Metadata-Version: 2.1
Name: IdentificationOfClaims
Version: 0.1.1
Summary: Identifies Claims from Text
Author: Manav
Classifier: Programming Language :: Python :: 3
Classifier: License :: OSI Approved :: MIT License
Classifier: Operating System :: OS Independent
Requires-Python: >=3.6
Description-Content-Type: text/markdown


---
# Prompt Tuning for Claim Summarization

This Python package provides a tool to generate short summaries for content based on a set of zero-shot examples. The approach leverages prompt tuning to generate summaries of claims from input content using pre-existing models like  Gemini, without needing a fine-tuning phase.

## Approach

We utilize **prompt tuning** as the primary method for this project. Instead of fine-tuning the language model (which requires large datasets), we provide **prompts** by showing the model several examples of "Content" followed by the expected "Summary of Claims". This method is particularly useful when working with small datasets.
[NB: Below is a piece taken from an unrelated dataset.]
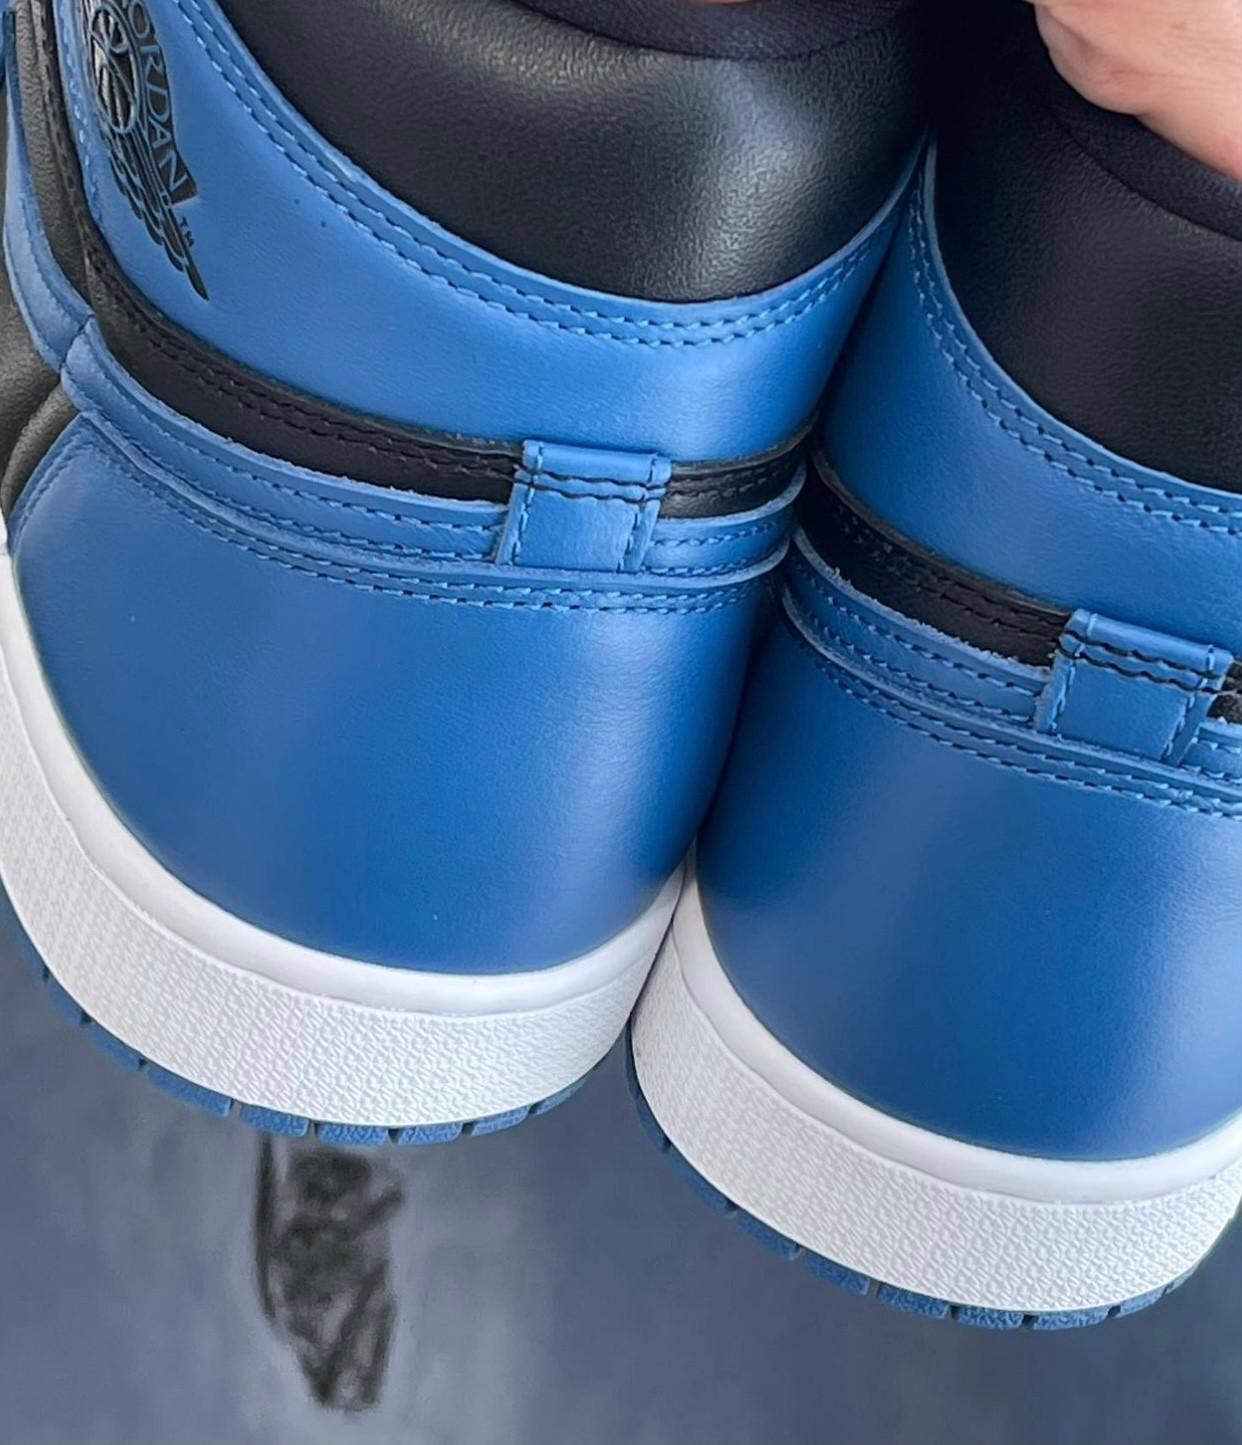 AJ,Air Jordan 1 High OG,Dark M  OG 气息浓郁!全新「皇家蓝 2.0」Air Jordan 1实物曝光!

1. **Data**: The input data consists of "Content" (such as a conversation between a user and an agent) and "Reasons" (which are comma-separated summaries of the issues or claims).
   
2. **Zero-shot learning**: For each query, we randomly select a subset of examples (e.g., 7) from the dataset to use as reference examples. The prompt generator constructs a natural language prompt from these examples, asking the model to summarize the new content.

3. **Evaluation**: We evaluate the model's performance using:
   - **ROUGE Scores**: Measures the overlap between the generated summary and the actual summary (Reason).
   - **Cosine Similarity**: Measures the similarity between the TF-IDF vectors of the generated summary and the actual reason.

## How to Use

### Installation

1. Clone the repository or download the `.zip` file.
2. Ensure you have the required dependencies installed. You can install them using the following:
   ```bash
   pip3 install setuptools 
   ```

### Usage

This package exposes two main functions to the user:

#### 1. **Performance Evaluation** (`perfomance_on_data`)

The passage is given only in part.